Scientific classification
- Kingdom: Animalia
- Phylum: Chordata
- Class: Actinopterygii
- Order: Characiformes
- Family: Acestrorhamphidae
- Subfamily: Megalamphodinae
- Genus: Makunaima
- Species: M. pittieri
- Binomial name: Makunaima pittieri (C. H. Eigenmann, 1920)
- Synonyms: Moenkhausia pittieri Eigenmann, 1920;

= Diamond tetra =

- Authority: (C. H. Eigenmann, 1920)
- Conservation status: EN
- Synonyms: Moenkhausia pittieri Eigenmann, 1920

Species of fish

The diamond tetra (Makunaima pittieri) is a species freshwater ray-finned fish belonging to the family Acestrorhamphidae, the American tetras. This species is found in and around Lake Valencia in Venezuela.

==Taxonomy==
The diamond tetra was first formally described as Moenkhausia pittieri in 1920 by the German-born American Carl H. Eigenmann, with its type locality given as "Concejo, Río Tiquirito, Venezuela". This species is now classified in the genus Makunaima, which was proposed by Guillermo Enrique Terán, Mauricio F. Benítez and Juan Marcos Mirande in 2020. In 1935, Ernst Ahl described a new species which he named Opisthanodus haerteli and for which he gave a type locality of the Para River in Brazil. However, this was an error, as the holotype was an aquarium import. This taxon has been regraded as a synonym of Moenkhausia pittieri. If this synonymy is correct, then Opisthanodus is the senior synonym of Makunaima. However, Opisthanodus haerteli and Opisthanodus are both now regarded as nomina dubia. The genus Makunaima is classified within the subfamily Megalamphodinae, the red tetras, of the American tetra family Acestrorhamphidae within the suborder Characoidei of the order Characiformes.

==Etymology==
The diamond tetra is classified within the genus Makunaima, this name being that of a creation god in the mythology of a number of Amazonian tribes. Makunaima created the animals and a great tree which gave rise to all the food plants. The specific name was not explained by Eigenmann but most likely honours the Swiss-born geographer and botanist Henri François Pittier, a Venezualan resident who collected some specimens for Eigenmann.

==Description==
Male diamond tetras tend to be larger than the females, and have a greater number of the reflective scales that the common name of this species refer to. As these fishes mature their pelvic, dorsal and anal fins become elongated, developing a violet sheen in males and being translucent in females. This species has a maximum standard length of 6.0 cm.

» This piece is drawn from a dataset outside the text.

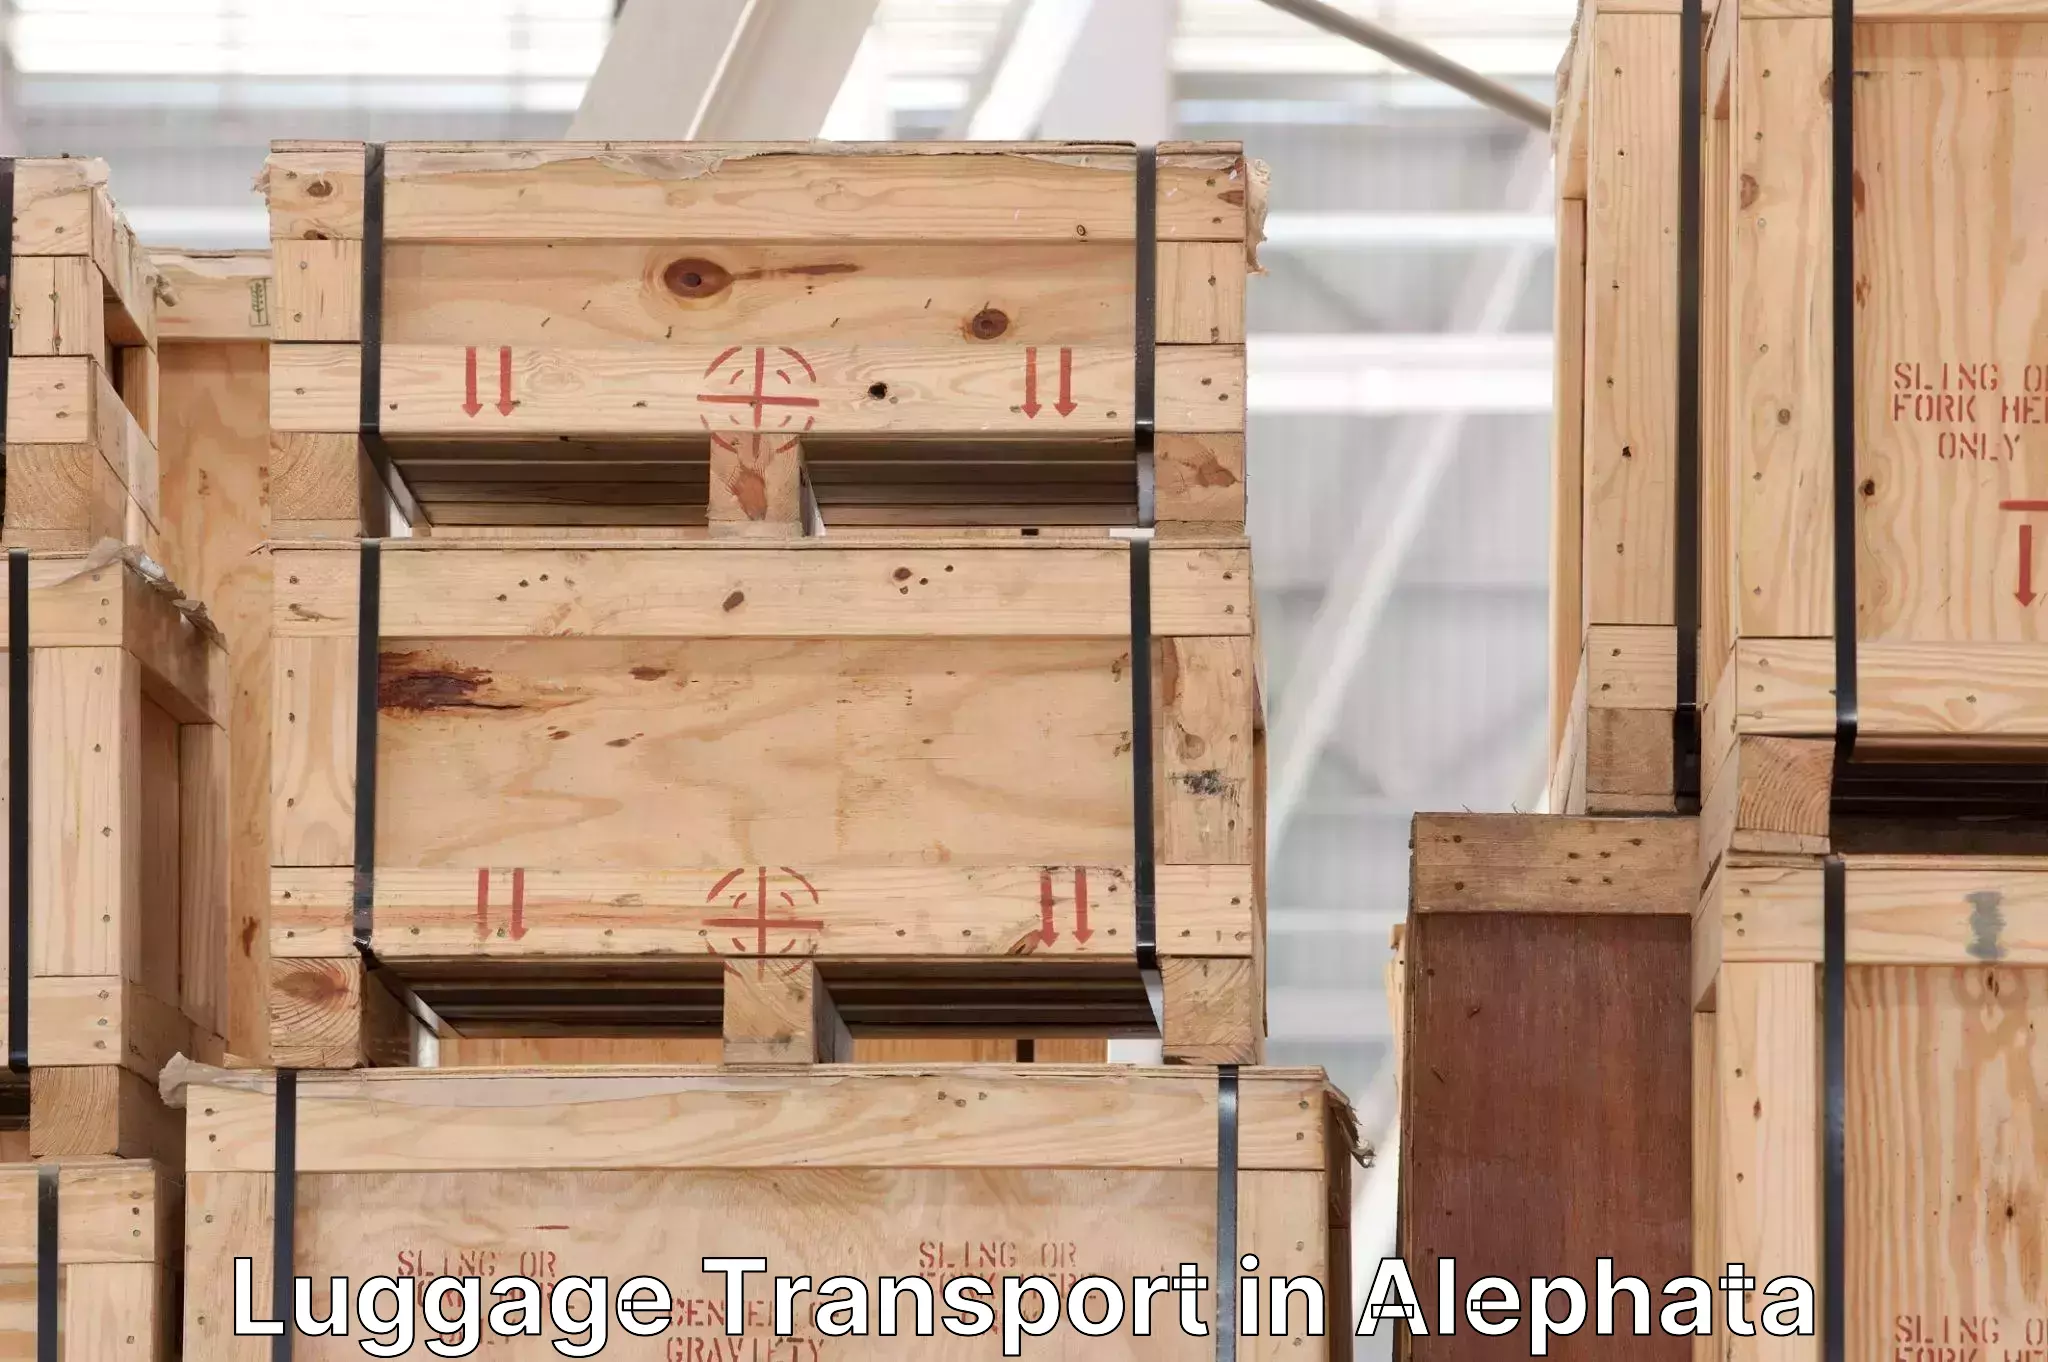 Luggage transfer service in Alephata

==Distribution and habitat==
Diamond tetras are endemic to the northern area of Venezuela, where they are only found in Lake Valencia, located between the states of Carabobo and Aragua, and its tributaries. They inhabit slow moving streams with abundant vegetation and leaf litter. These fish are threatened by urban growth, which destroys and pollutes their habitat. The species has seemingly disappeared completely from Lake Valencia, where they were collected initially. In 2009, the Venezuelan underwater photographer Ivan Mikolji was able to find and photograph a population of this fish in a stream near Lake Valencia.

==Utilisation==
The diamond tetra is bred for export in the aquarium trade.